=== WHAT TO WORK ON ===
No pictures belong in the copy. Retype exactly, and only, the stretch of lines below from the one with "Antique French Trousse" through the one with "Kymbie® 3 Piece".

=== PROVIDED RECORDS ===

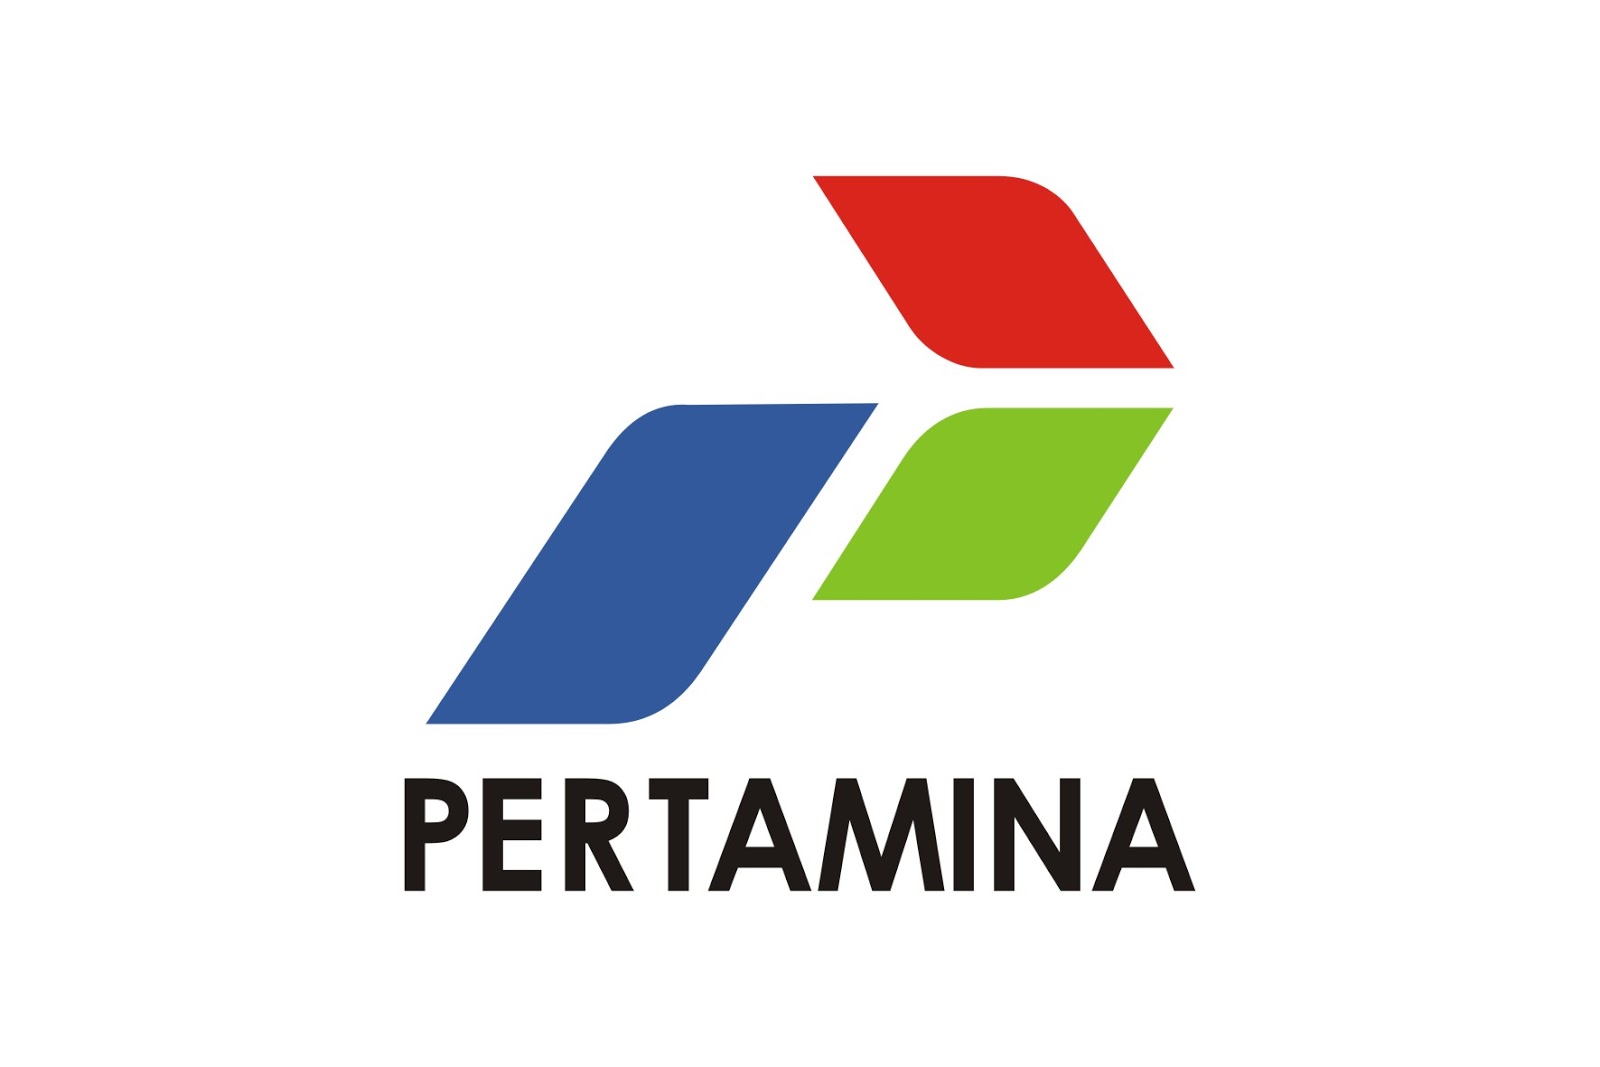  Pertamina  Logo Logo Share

---

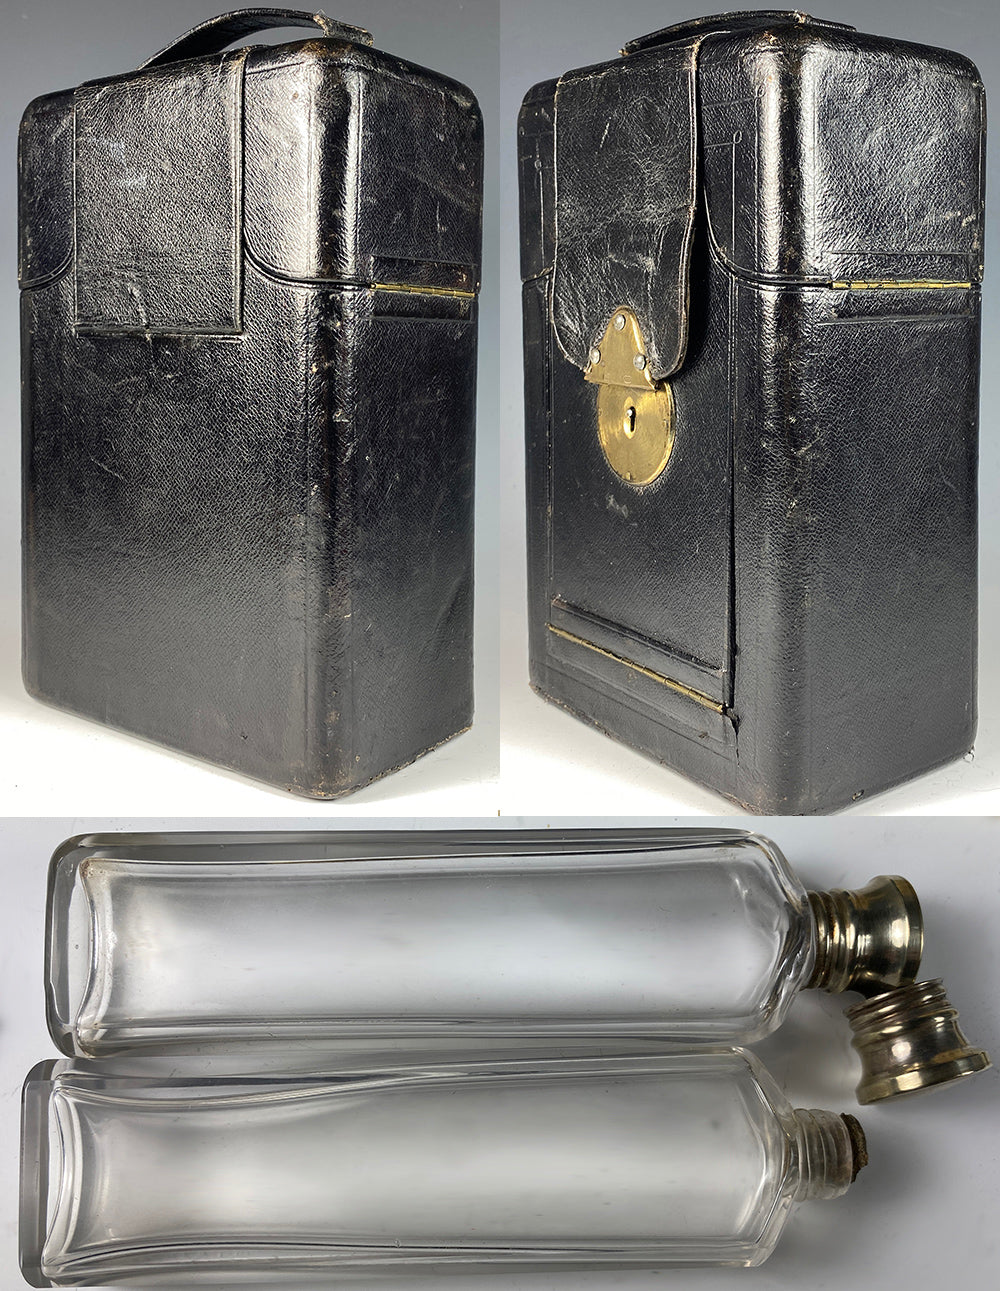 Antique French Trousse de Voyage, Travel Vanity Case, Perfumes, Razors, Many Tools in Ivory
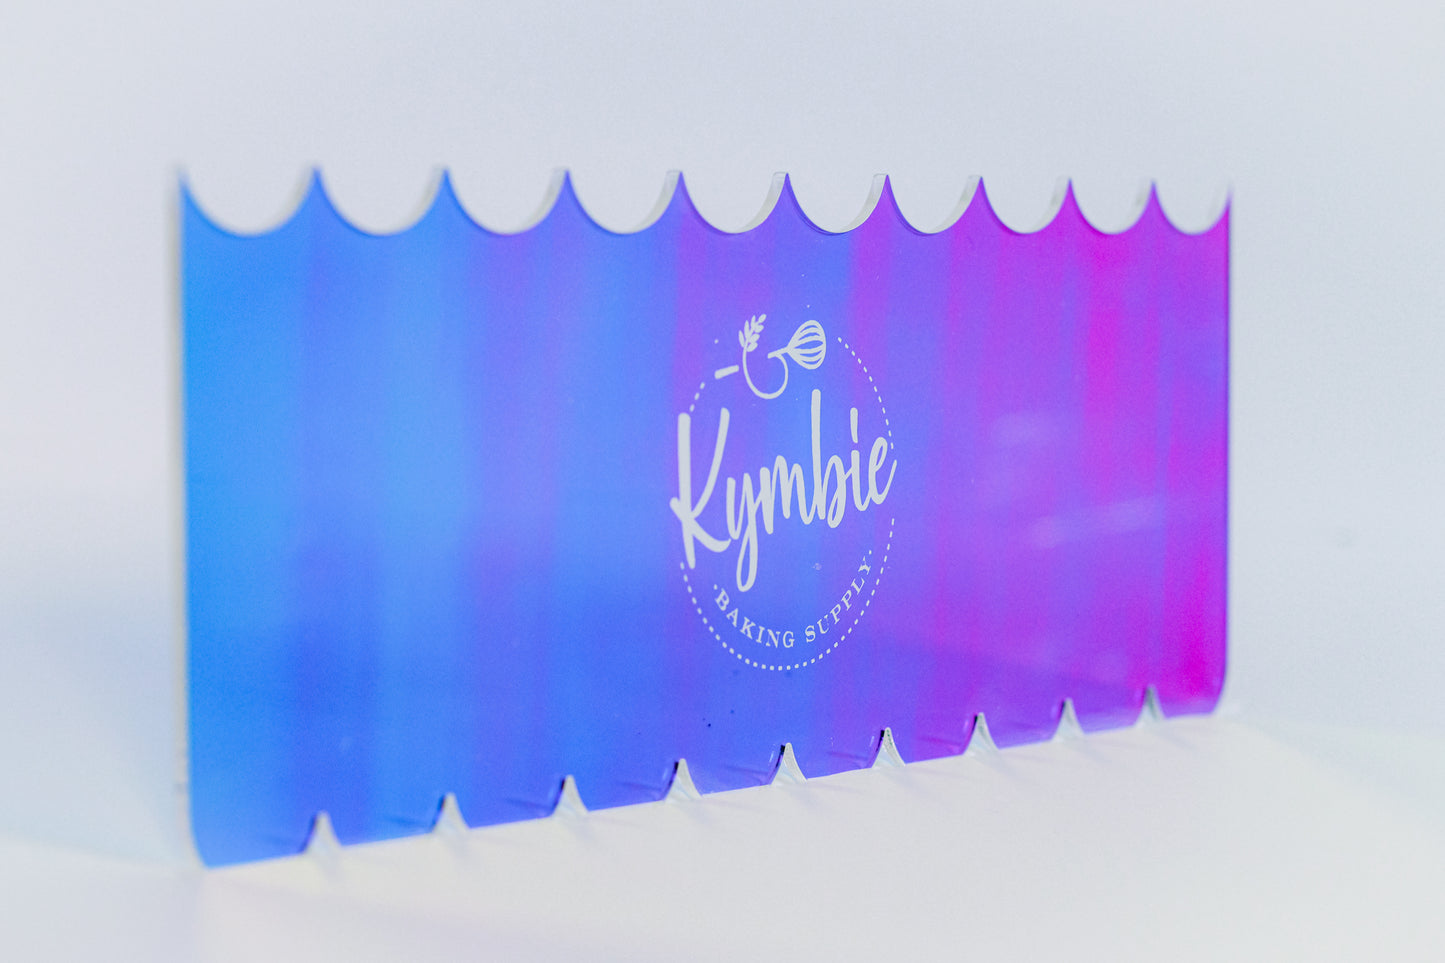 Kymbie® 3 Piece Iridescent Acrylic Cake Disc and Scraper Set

=== YOUR SOLUTION ===
 Antique French Trousse de Voyage, Travel Vanity Case, Perfumes, Razors, Many Tools in Ivory
 Kymbie® 3 Piece Iridescent Acrylic Cake Disc and Scraper Set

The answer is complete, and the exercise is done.